Input data:
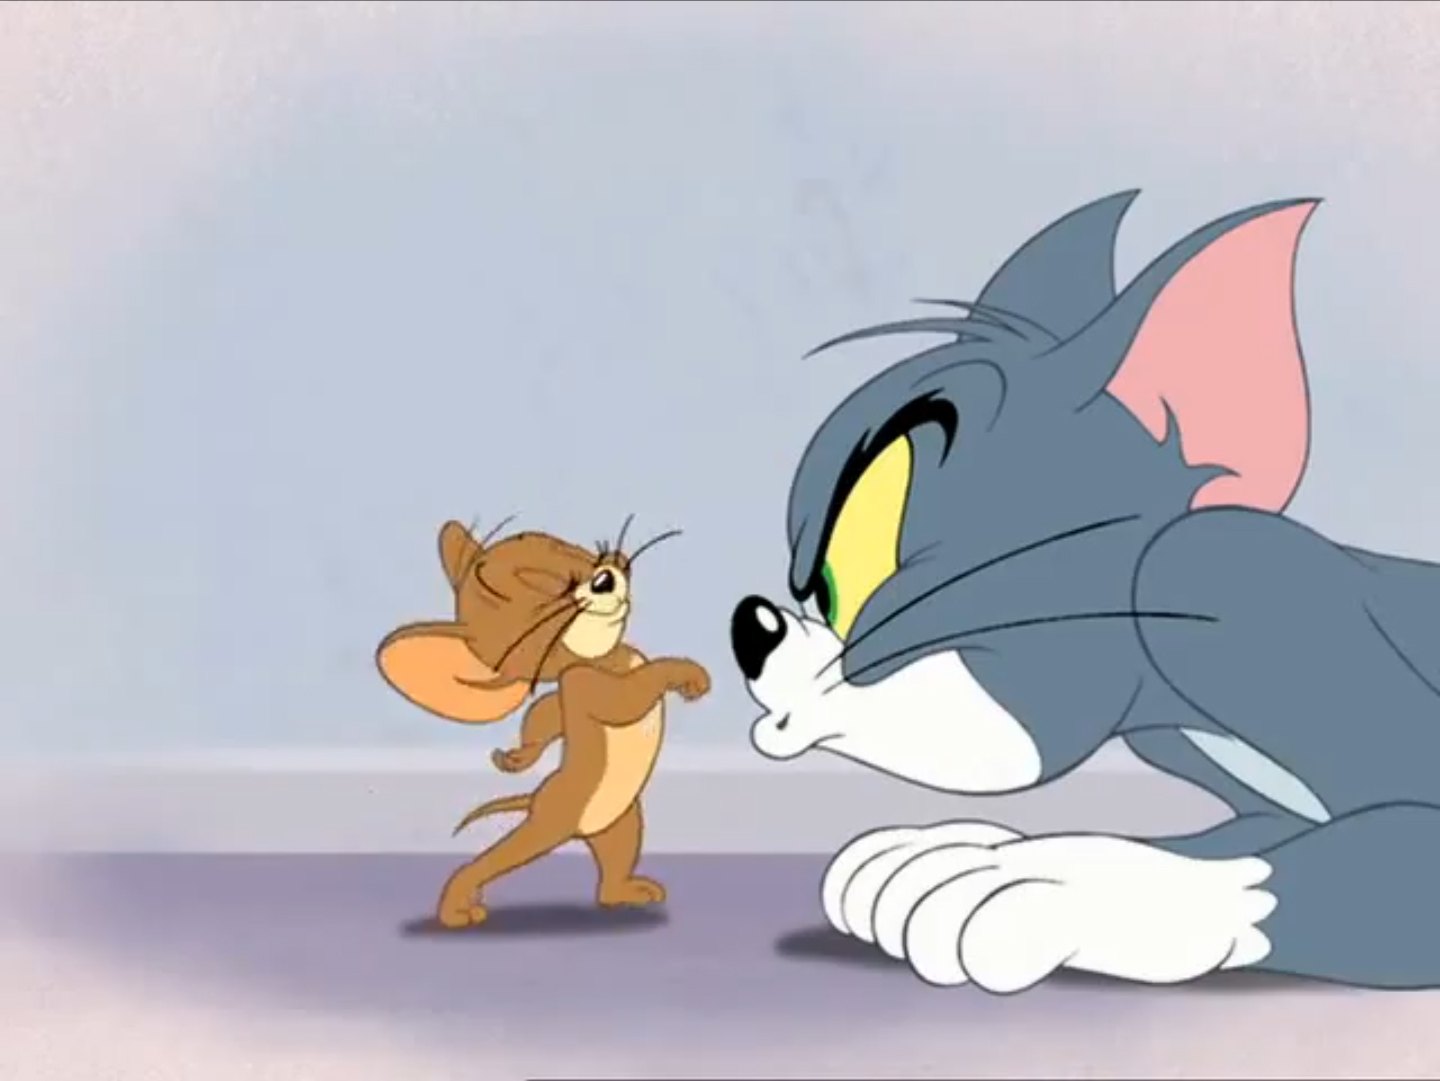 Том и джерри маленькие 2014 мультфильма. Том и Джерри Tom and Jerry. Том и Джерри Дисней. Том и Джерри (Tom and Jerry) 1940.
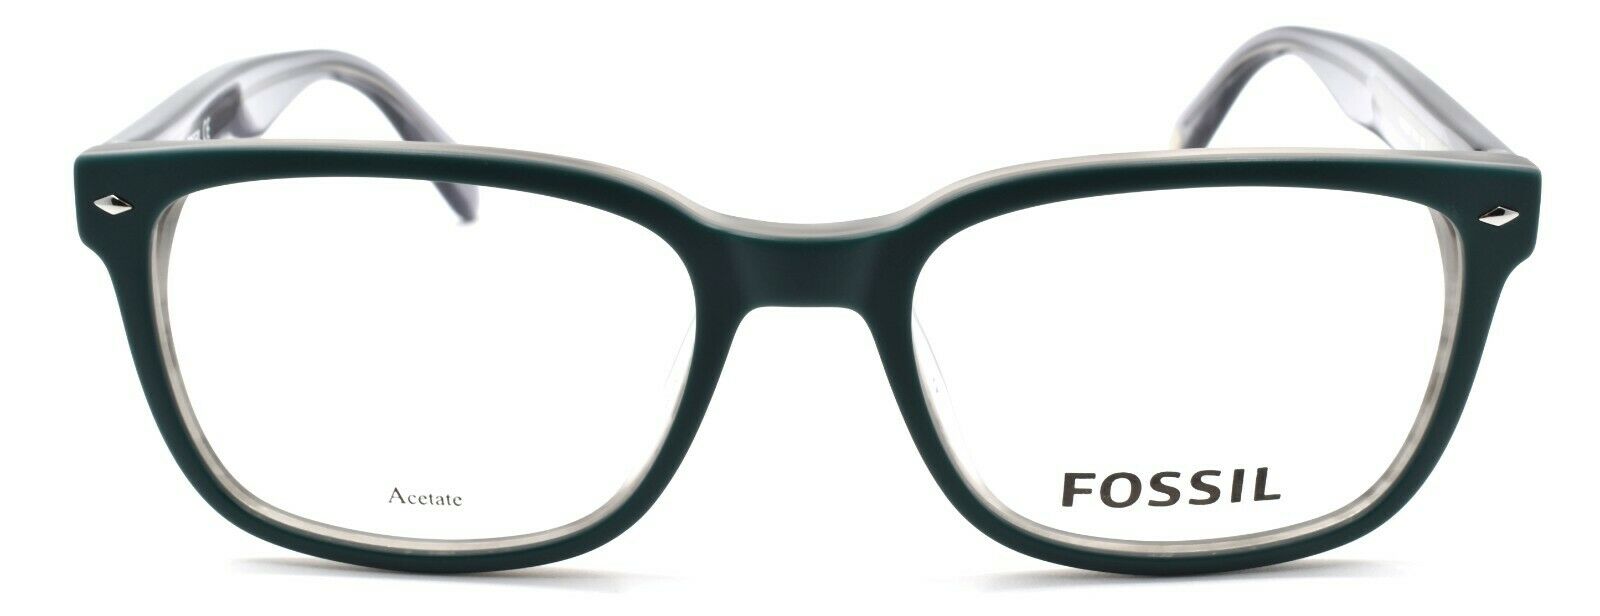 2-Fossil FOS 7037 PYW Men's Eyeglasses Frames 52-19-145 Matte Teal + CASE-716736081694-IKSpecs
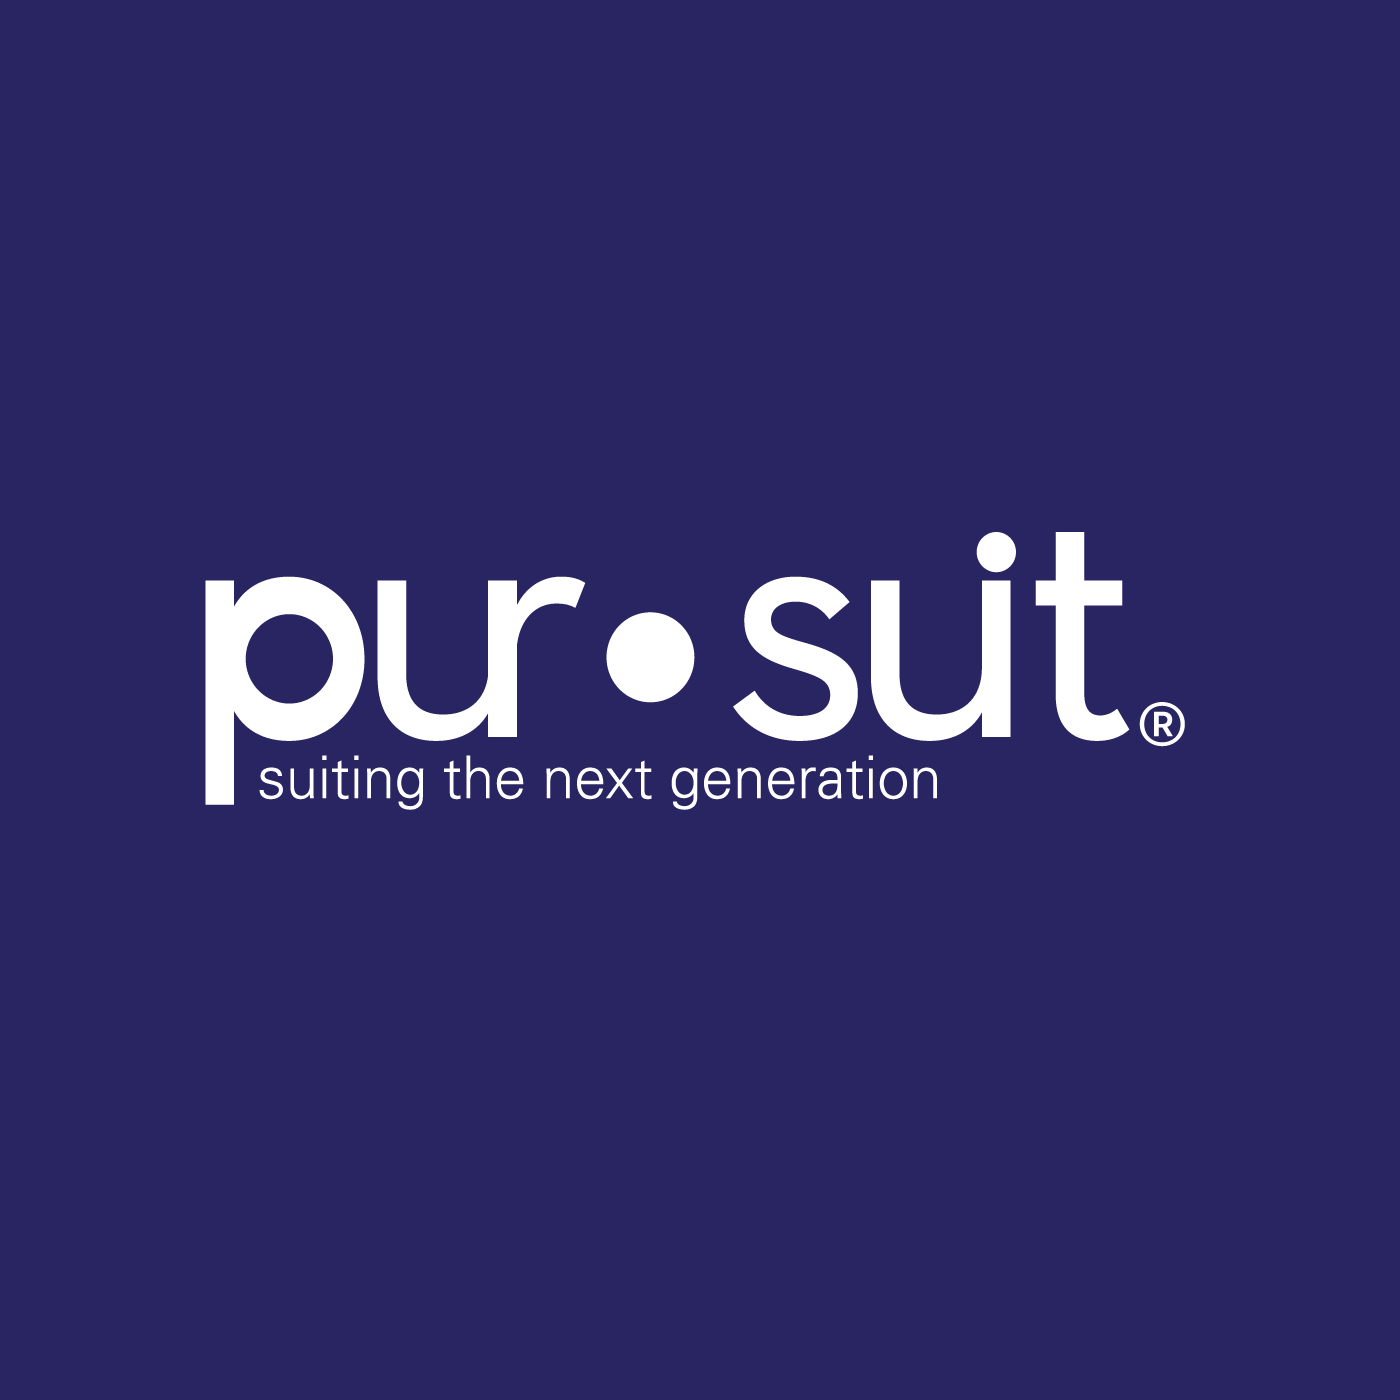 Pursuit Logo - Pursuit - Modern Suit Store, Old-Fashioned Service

Task to carry out: Make an exact copy of the listing above. Its pictures are not needed.

Result:
 Том и джерри маленькие 2014 мультфильма. Том и Джерри Tom and Jerry. Том и Джерри Дисней. Том и Джерри (Tom and Jerry) 1940.
 2-Fossil FOS 7037 PYW Men's Eyeglasses Frames 52-19-145 Matte Teal + CASE-716736081694-IKSpecs
 Pursuit Logo - Pursuit - Modern Suit Store, Old-Fashioned Service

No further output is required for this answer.